For every Steve Davis and Stephen Hendry, snooker also boasted its bit-part players: the what-might-have-beens and never-minds, who left their own small but indelible mark upon the sport.
For the duration of the postponed World Championships, the PA news agency is turning its focus on the Crucible characters who never quite made the competition's last three days.Mon Apr 20 1300
Kirk Stevens
Clad in his trademark bright white suit, Kirk Stevens swaggered out of the Canadian pool halls and took snooker – and the newspaper front pages – by storm.
Stevens' brash and impetuous style instantly aligned him with the sport's 'bad boy' brigade of Alex Higgins and Jimmy White, and for a time he looked set to ride his way right to the top of the the game.

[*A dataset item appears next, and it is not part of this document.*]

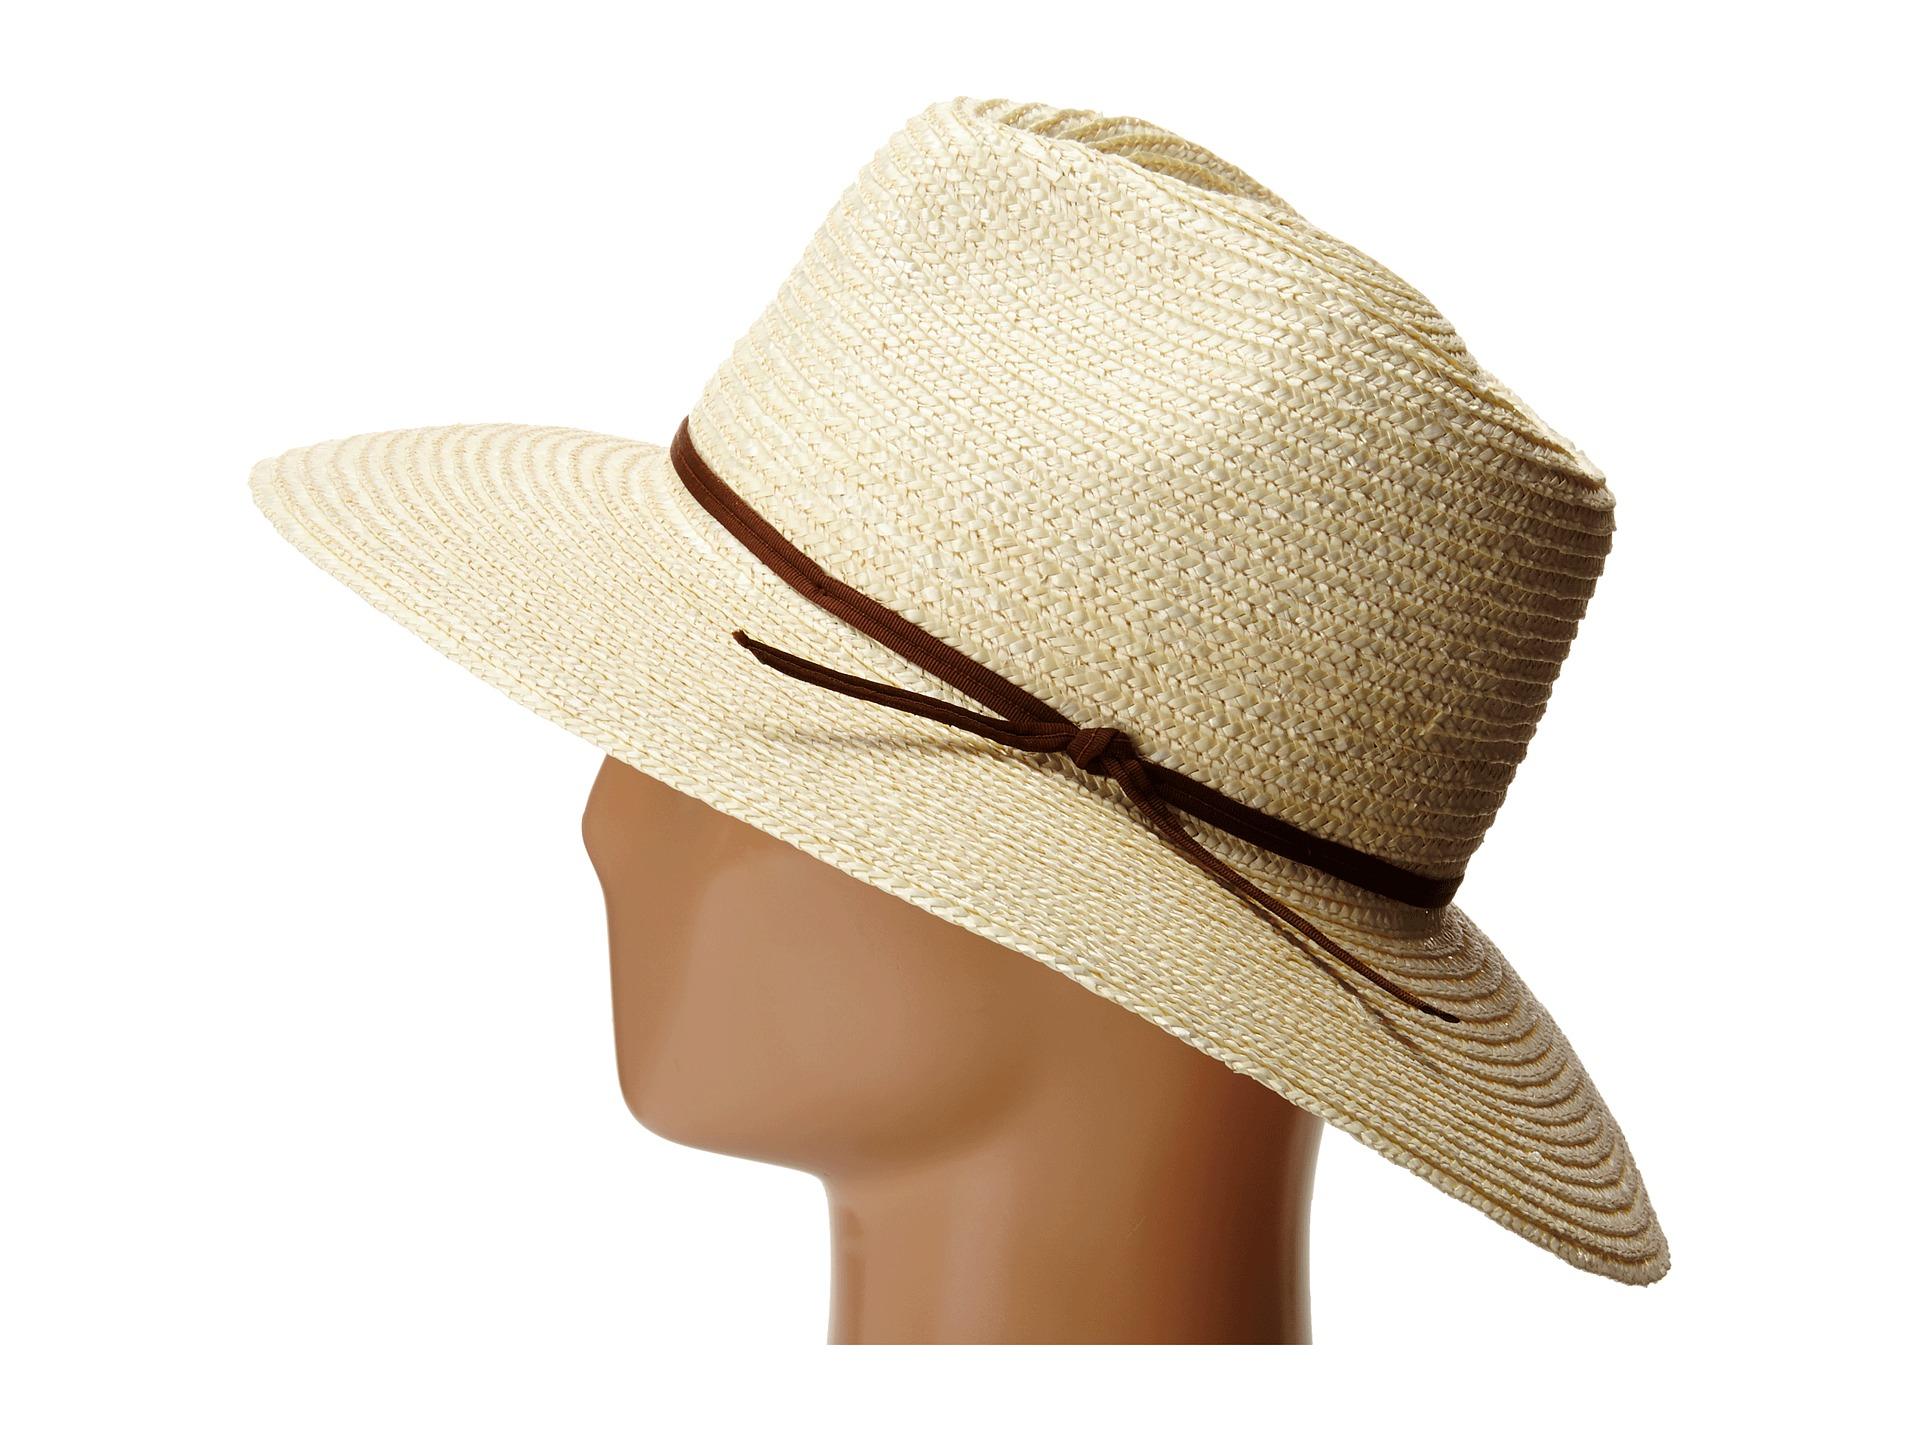 0695e4accb494 ... usa lyst brixton bristol hat in natural 49e73 c781e

He made one of the sport's first televised maximums in a 1984 Benson and Hedges Masters clash with White, with whom he shared a memorably champagne-soaked post-match interview with the BBC's David Vine.
Stevens reached two Crucible semi-finals, being edged out by Higgins on his second visit in 1980, and White in a predictably high-octane match-up four years later.
In 1985, shortly after being accused by his opponent Silvino Francisco of being "high as a kite" during their British Open final, Stevens laid bare his cocaine addiction in the British tabloids.
After admitting he was "helplessly addicted" to the drug, Stevens' game never really recovered. He tumbled down the rankings and quit the professional circuit for good in 1992 to return to Canada.
Tracked down by The Observer to his home in Ontario in 2002, Stevens reflected: "It was embarrassing, being on the front pages all the time, and I was just exhausted from fighting all the s***."